[[ Input data open ]]

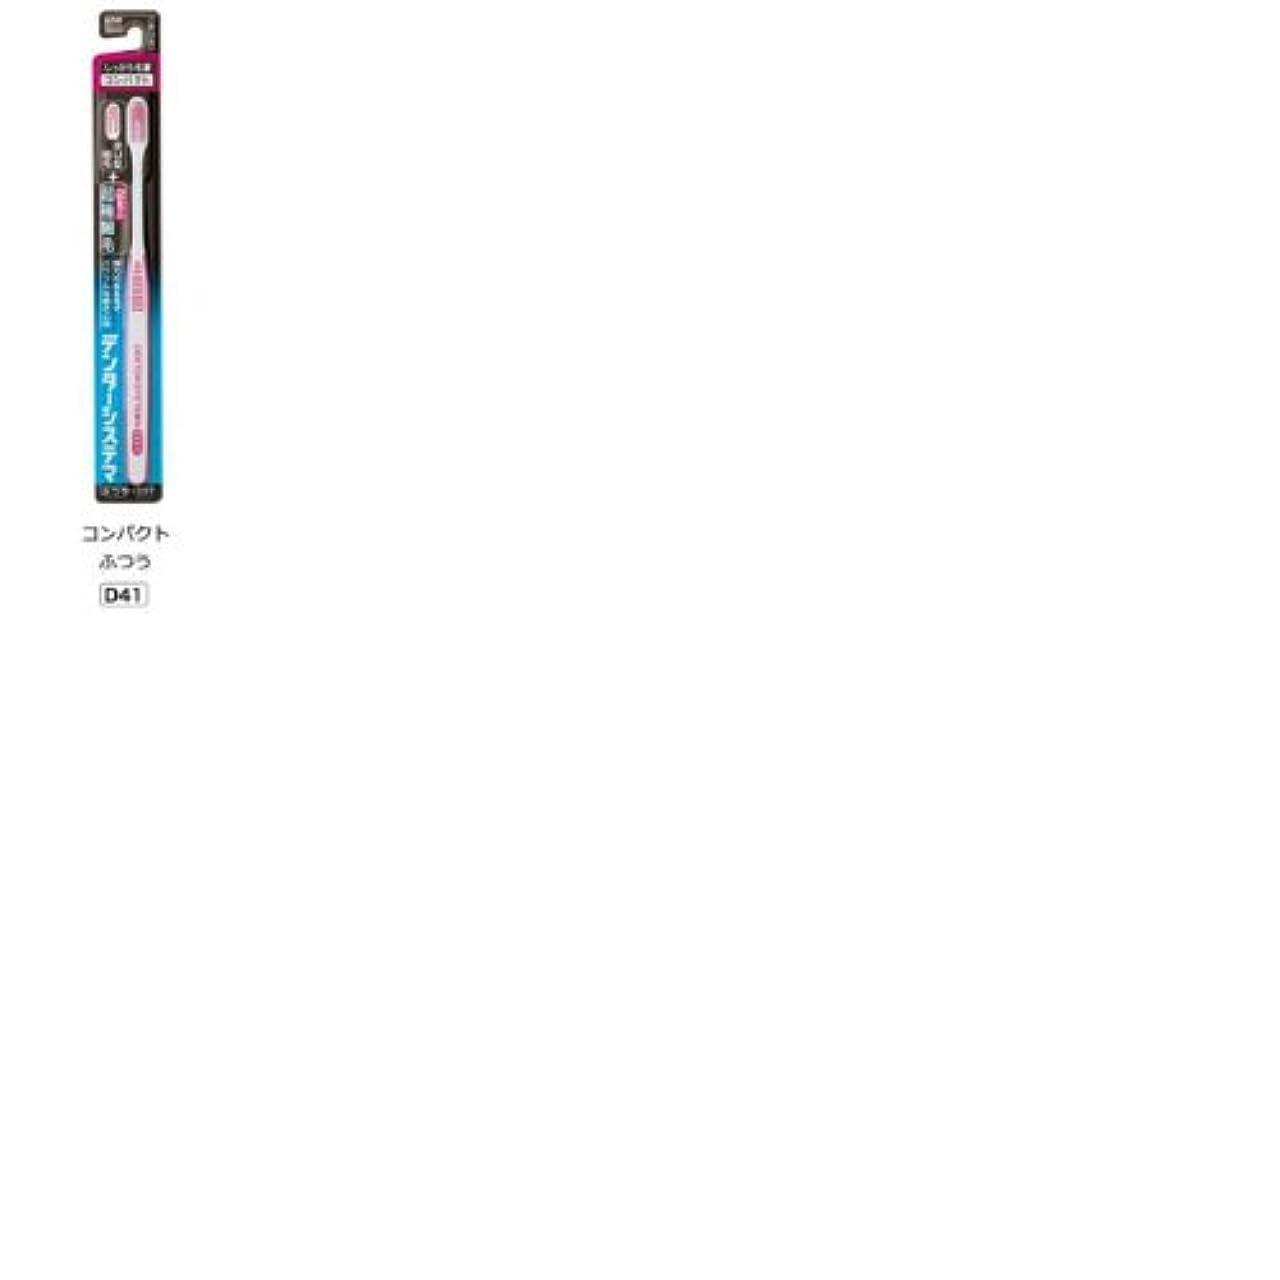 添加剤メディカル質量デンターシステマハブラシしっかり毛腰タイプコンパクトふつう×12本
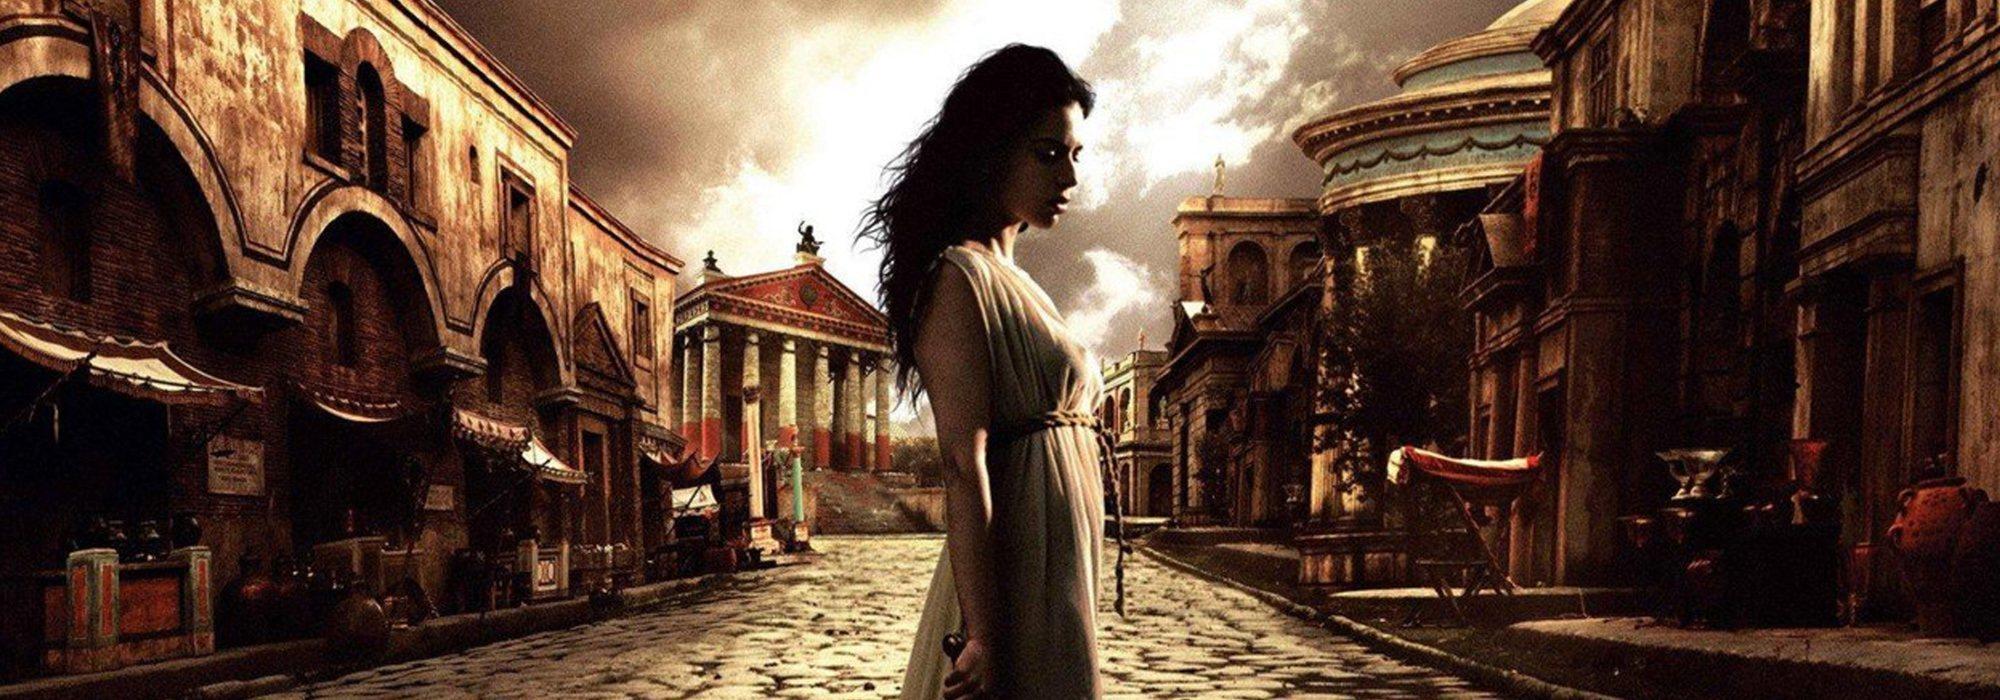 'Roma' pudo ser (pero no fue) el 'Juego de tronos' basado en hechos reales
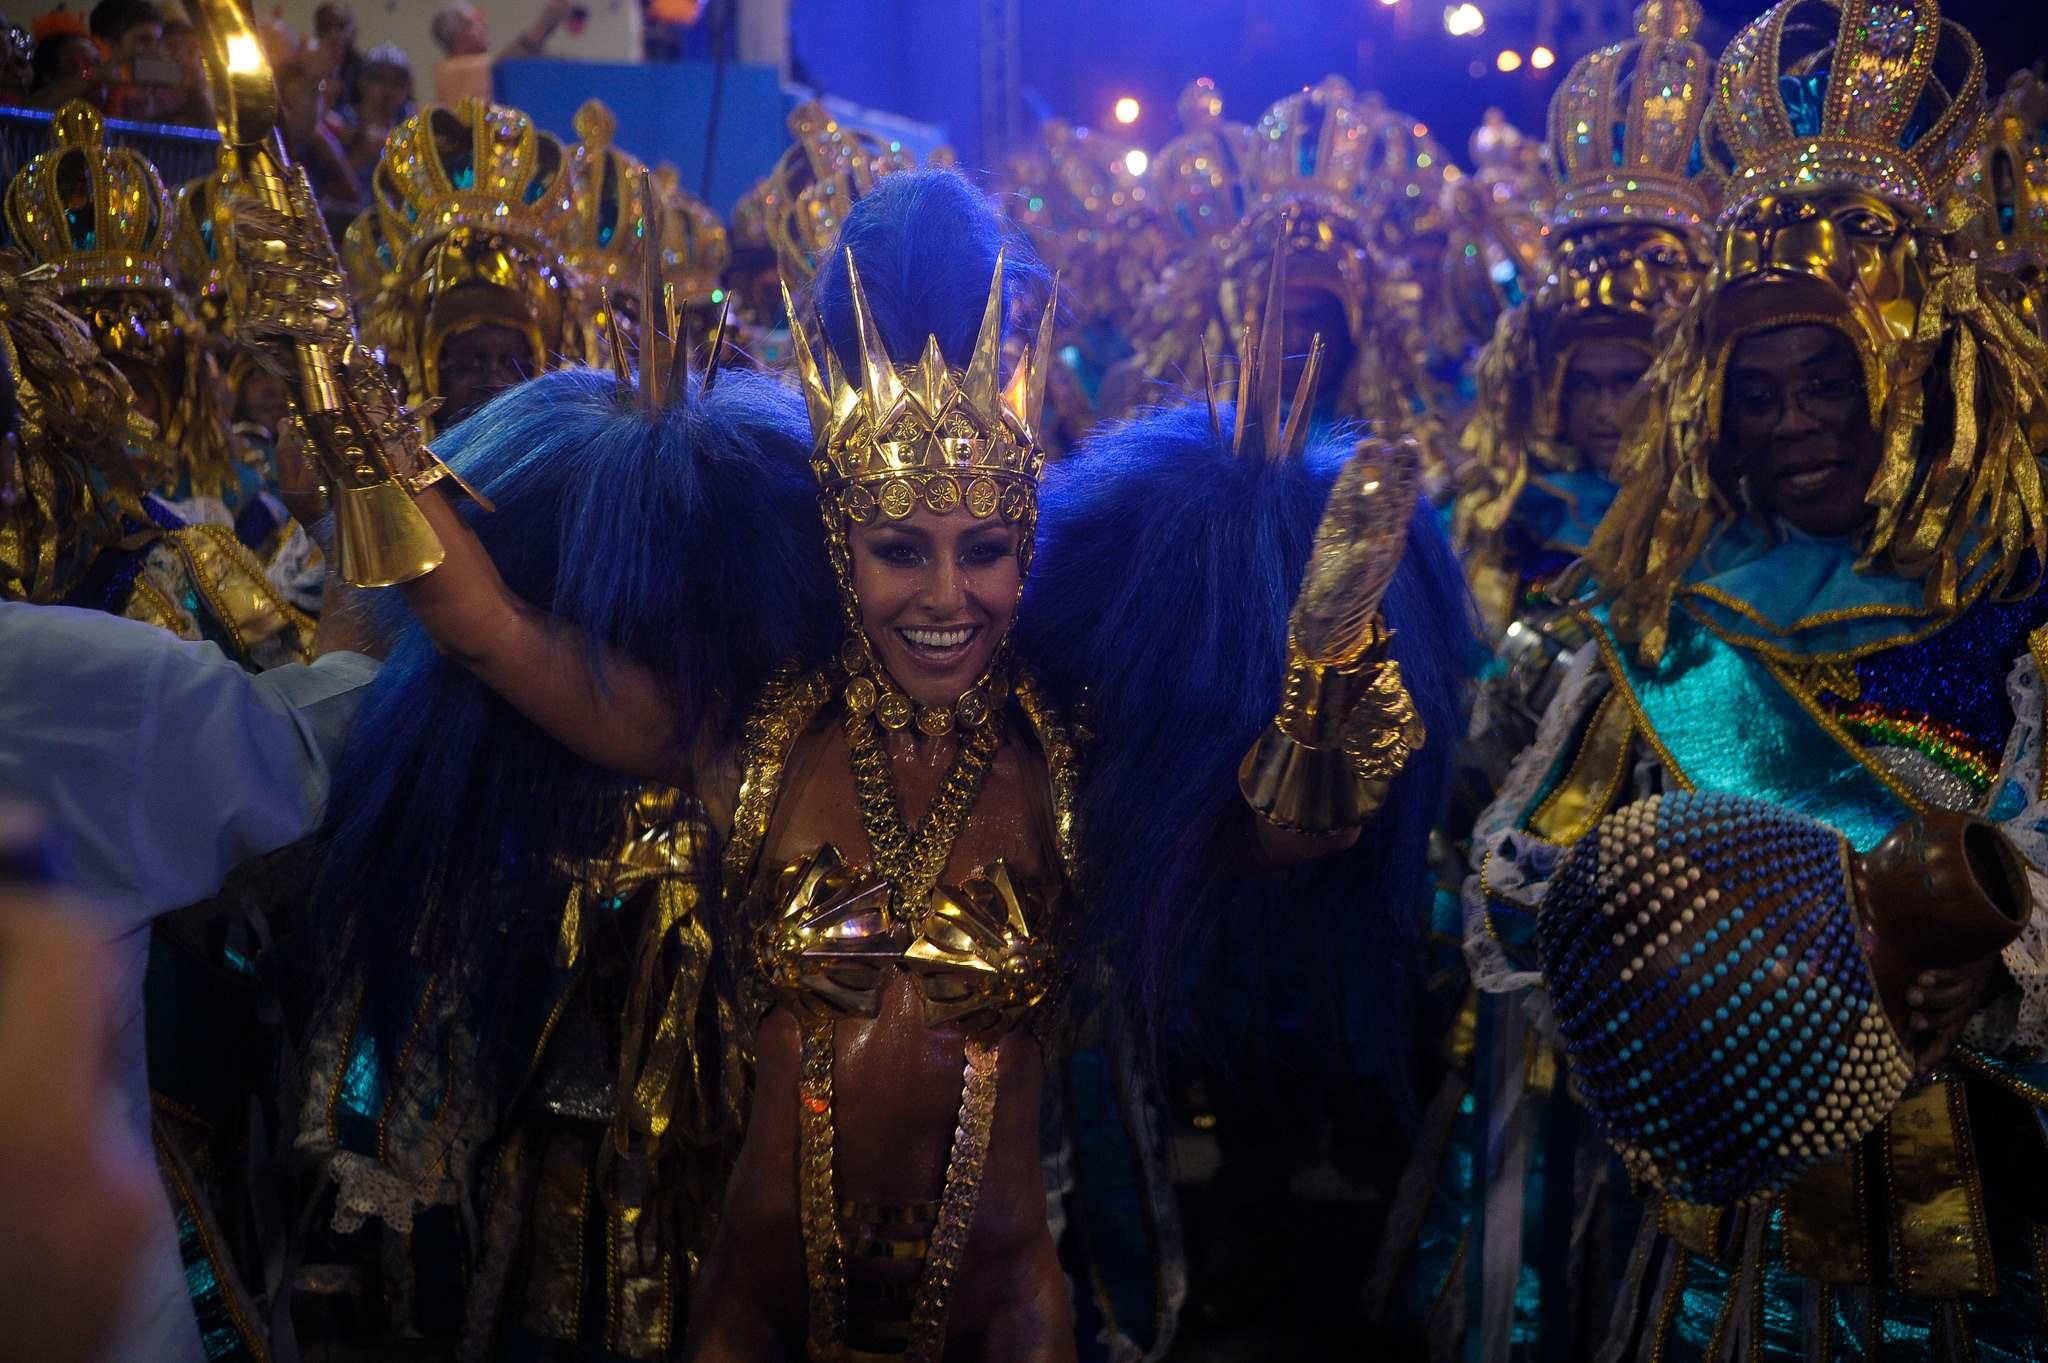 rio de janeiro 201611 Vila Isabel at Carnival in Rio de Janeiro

[[ Input data closed ]]

All that is needed is the span from the line with "en hechos reales" through the last line of the material above, reproduced exactly and free of pictures.

## [Answer]
 'Roma' pudo ser (pero no fue) el 'Juego de tronos' basado en hechos reales
 rio de janeiro 201611 Vila Isabel at Carnival in Rio de Janeiro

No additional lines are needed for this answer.